Reinforcement Learning (RL) is the process testing which actions are best for each state of an environment by essentially trial and error. The model introduces a random policy to start and each time an action is taken an initial amount (known as a reward) is fed to the model. This continues until an end goal is reached, e.g. you win or lose the game, where that run (or episode) ends and the game resets. As the model go through more and more episodes it begins to learn which actions are more likely to lead us to a positive outcome and therefore find the best actions in any given state, known as the optimal policy.
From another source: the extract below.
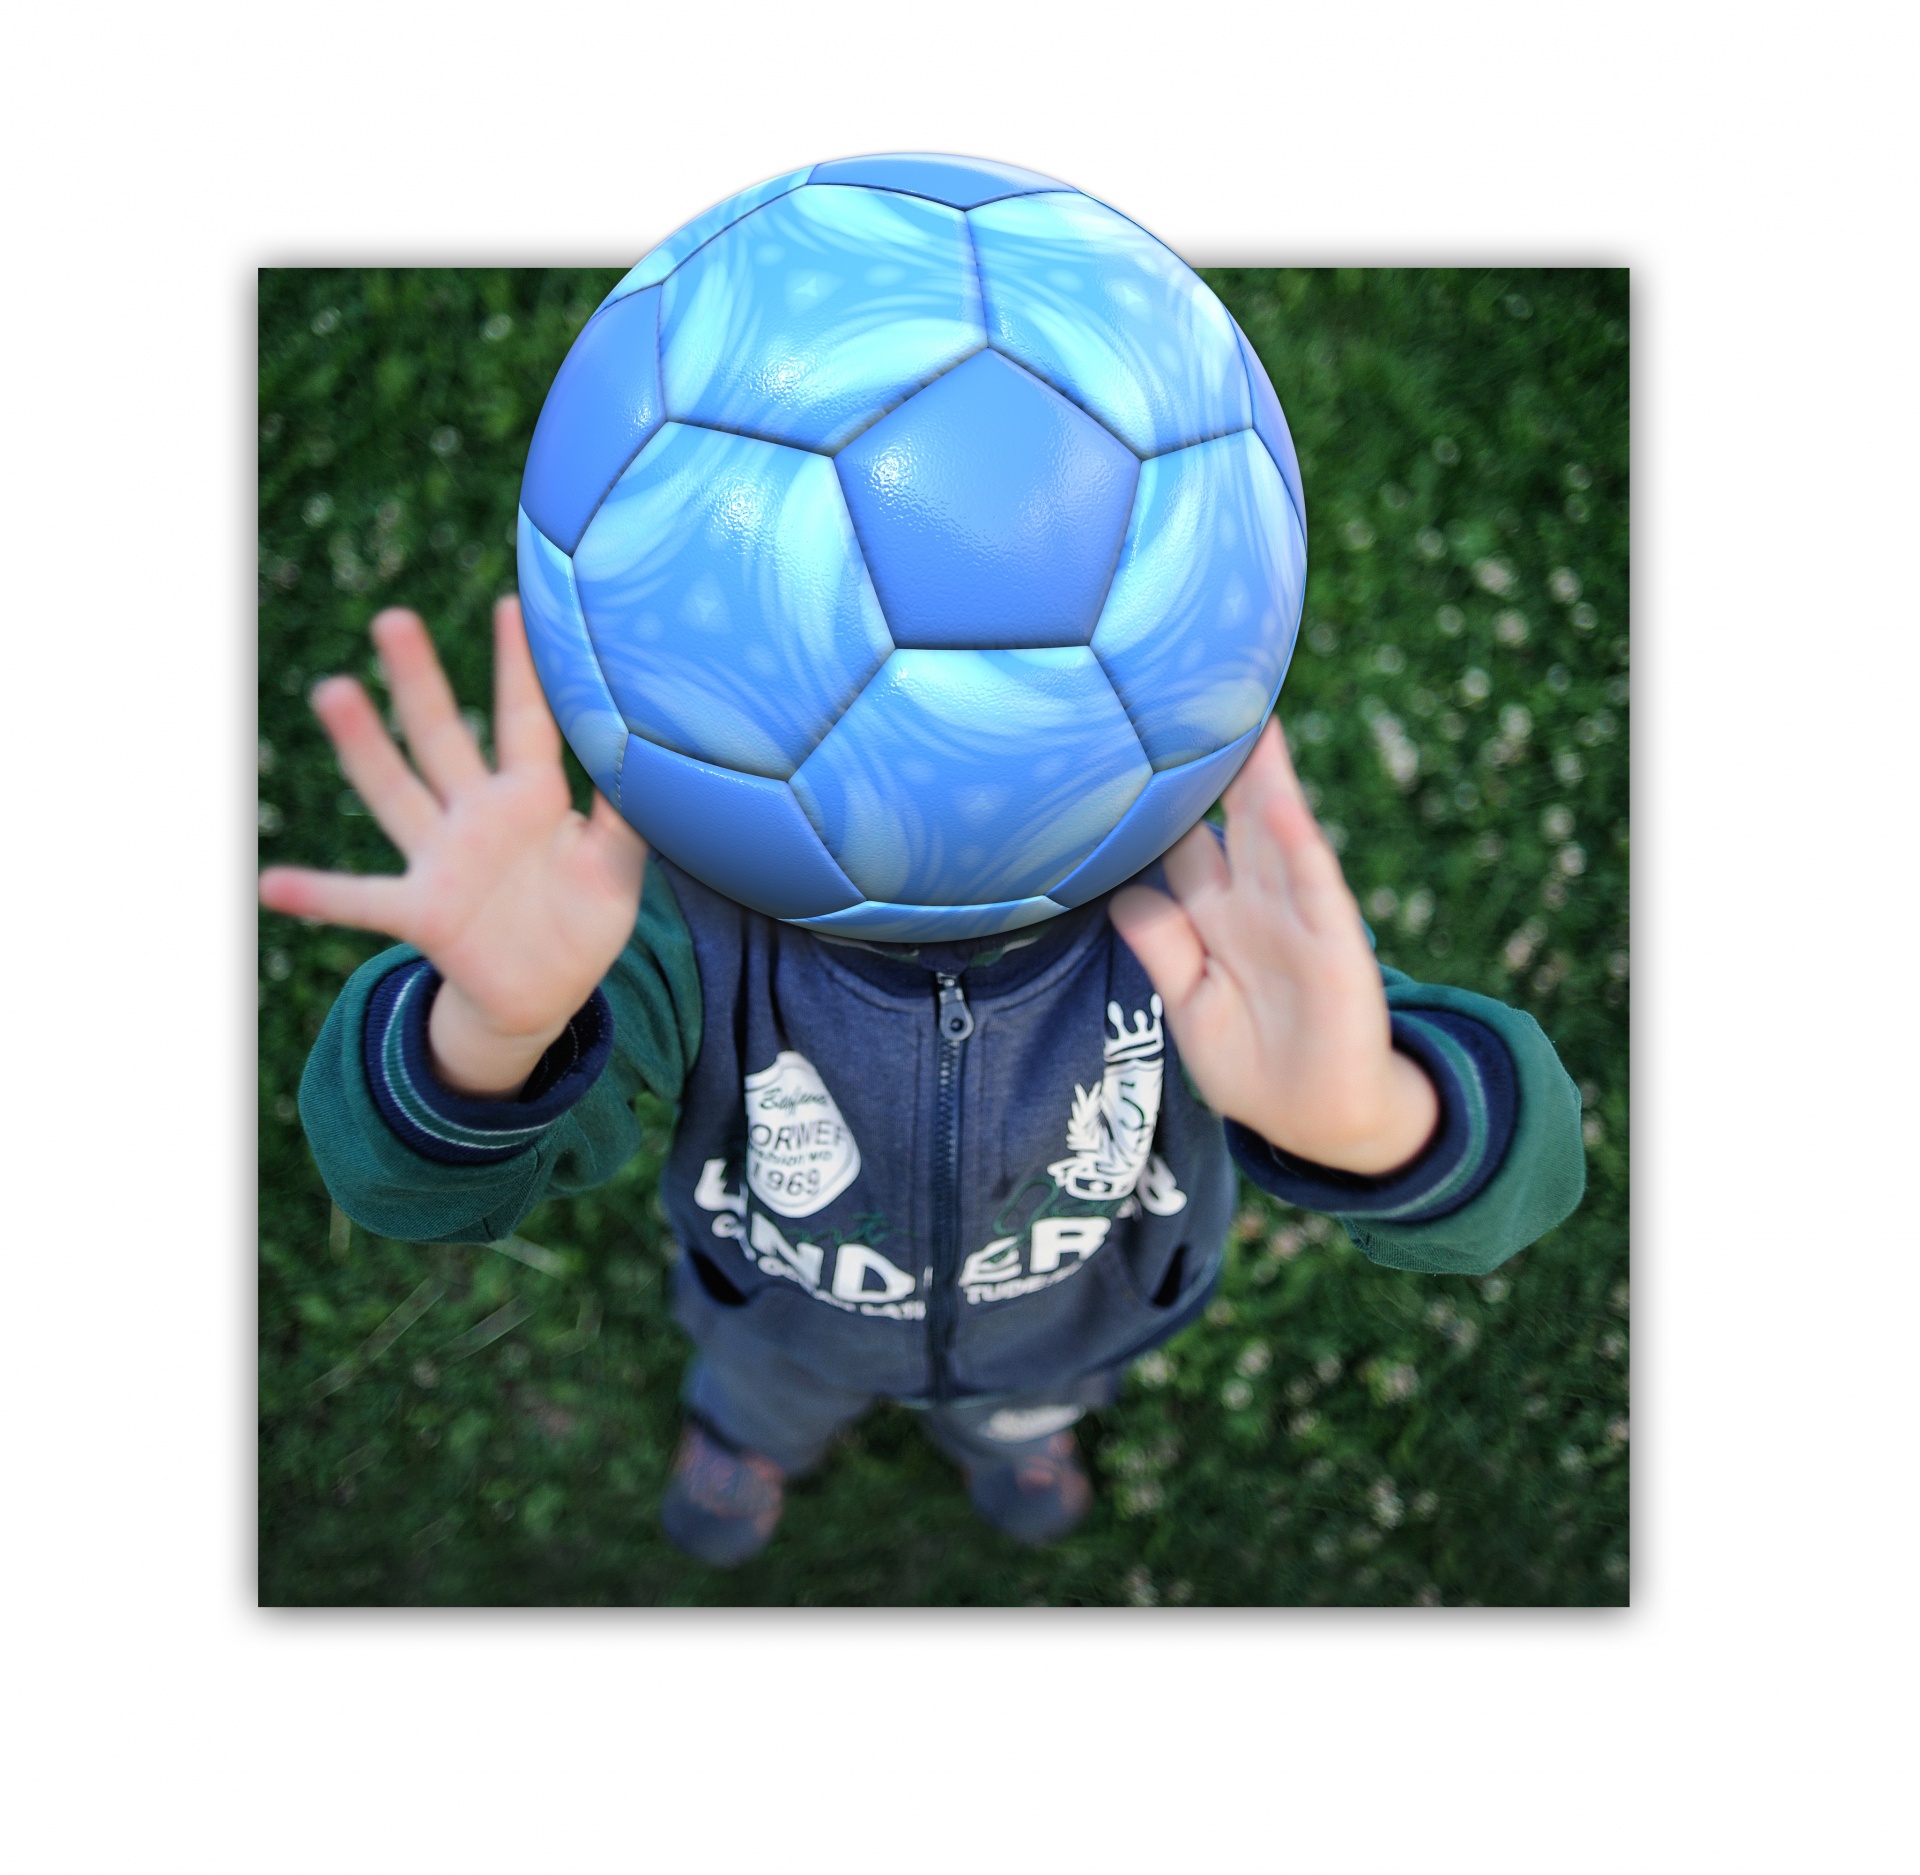 Junge werfende Fußball-Kugel

Many of the RL applications online train models on a game or virtual environment where the model is able to interact with the environment repeatedly. For example, you let the model play a simulation of tic-tac-toe over and over so that it observes success and failure or trying different moves.
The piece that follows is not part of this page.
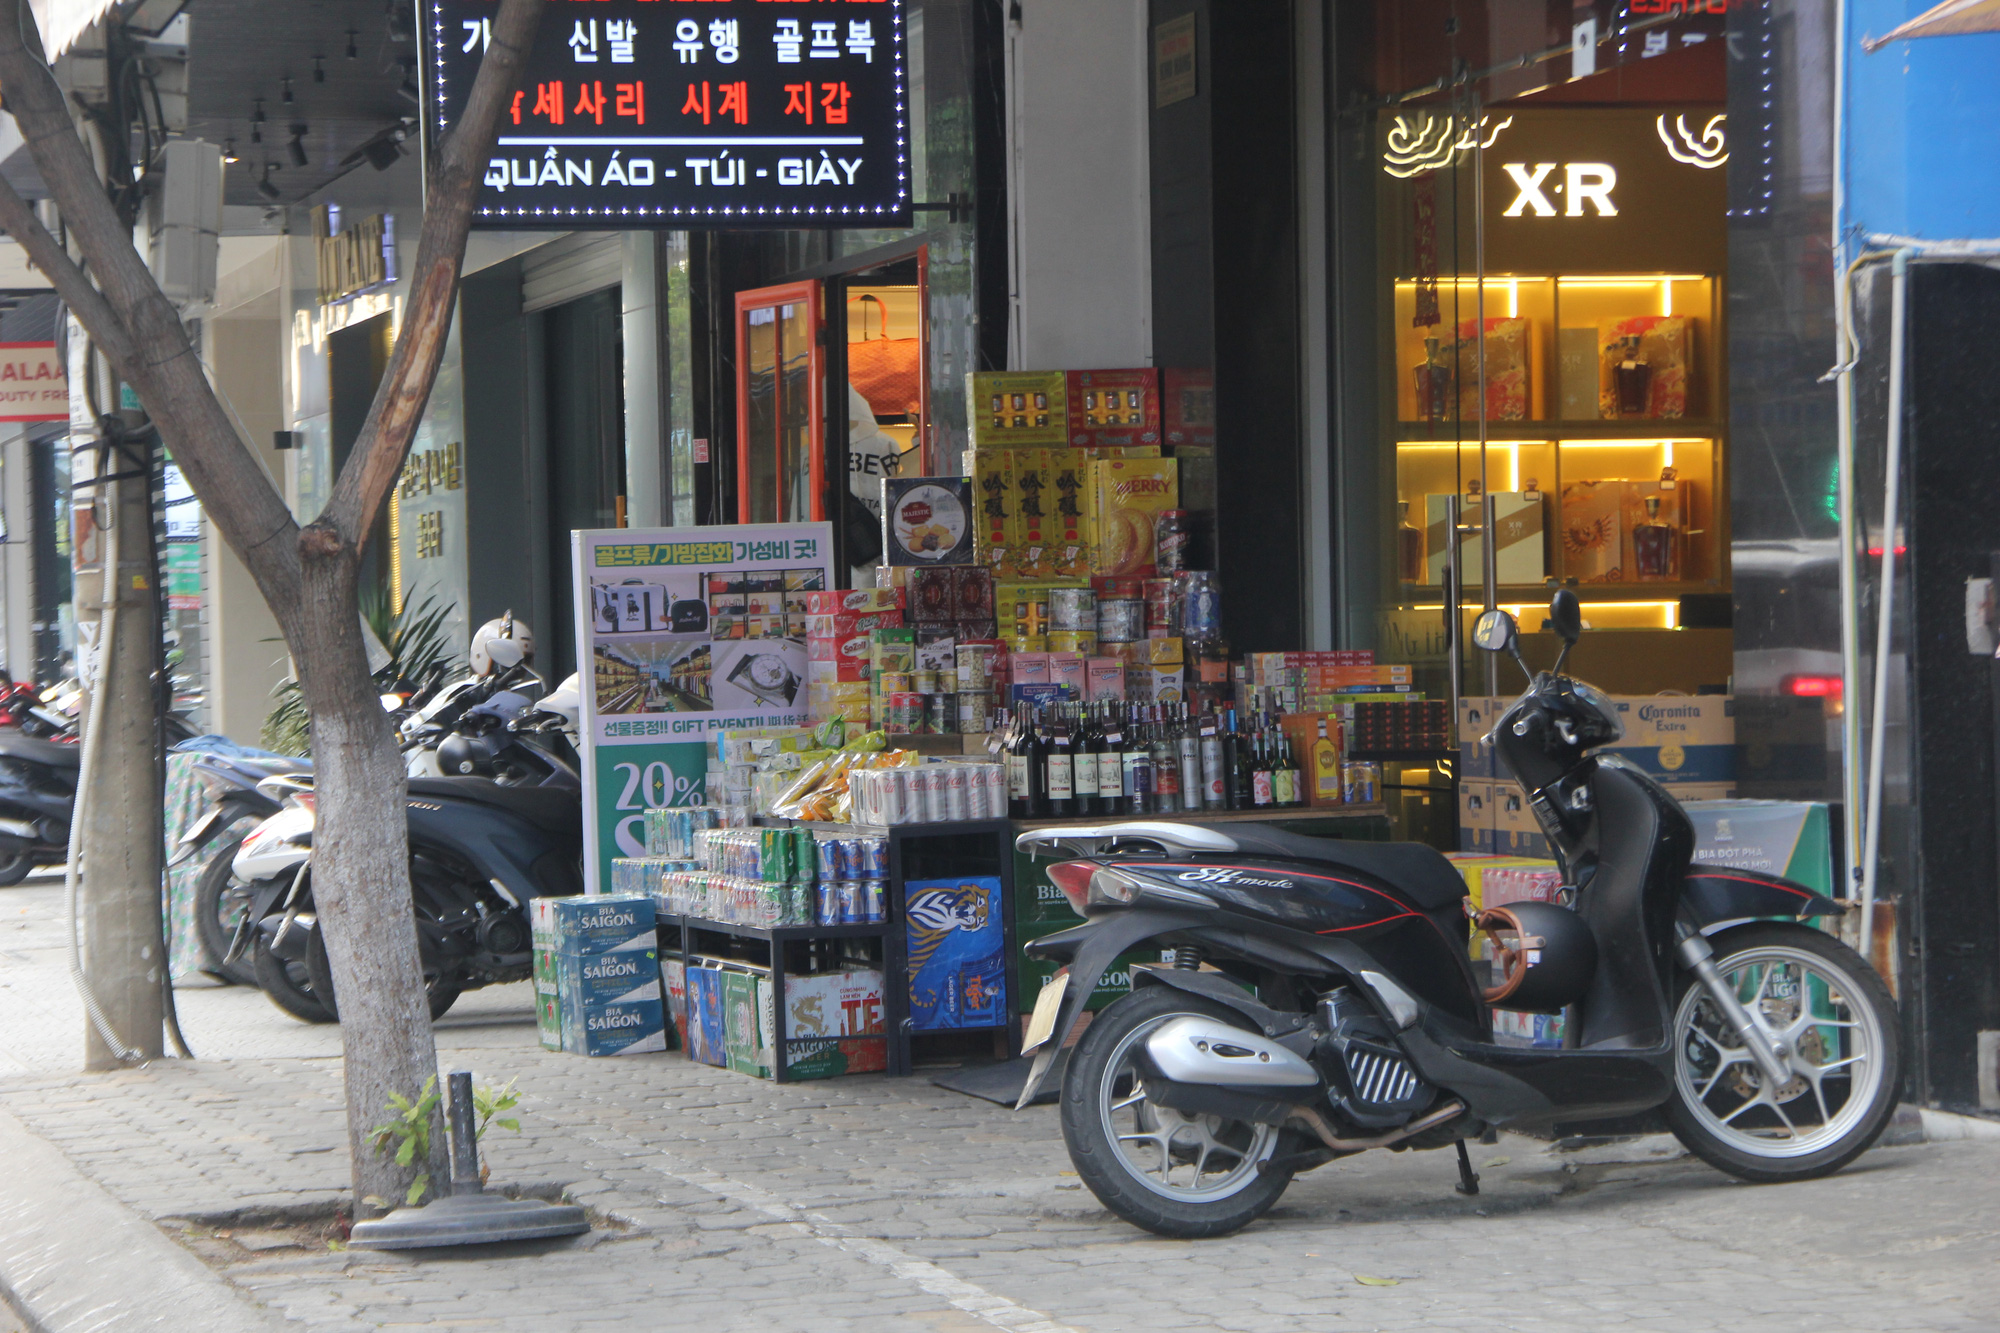 Sidewalk eateries remain rampant in Da Nang despite ban

In real life, it is likely we do not have access to train our model in this way. For example, a recommendation system in online shopping needs a person’s feedback to tell us whether it has succeeded or not and this is limited in its availability based on how many users interact with the shopping site. Instead, we may have sample data that shows shopping trends over time period that we can use to create estimate probabilities. Using these, we can create what is known as a Partially Observed Markov Decision Process (POMDP) as a way to generalise the underlying probability distribution.
Markov Decision Processes (MDPs) provide a framework for modelling decision making in situations where outcomes are partly random and partly under the control of a decision maker. The key feature of MDPs is that they follow the Markov Property; all future states are independent of the past given the present. In other words, the probability of moving into the next state is only dependent on the current state.
POMDPs work similarly except it is a generalisation of the MDPs. In short, this means the model cannot simply interact with the environment but is instead given a set probability distribution based on what we have observed. More info can be found here. We could use value iteration methods on our POMDP but have instead decided to use Monte Carlo Learning in this example.
Imagine you are back at school (or perhaps still are) and are in a classroom, the teacher has a strict policy on paper waste and requires that any pieces of scrap paper must be passed to him at the front of the classroom and he will place the waste into the bin (trash can). However, some students in the class care little for the teacher’s rules and would rather save themselves the trouble of passing the paper round the classroom. Instead, these troublesome individuals may choose to throw the scrap paper into the bin from a distance. Now this angers the teacher and those that do this are punished. This introduces a very basic action-reward concept and we have an example classroom environment as shown in the following diagram.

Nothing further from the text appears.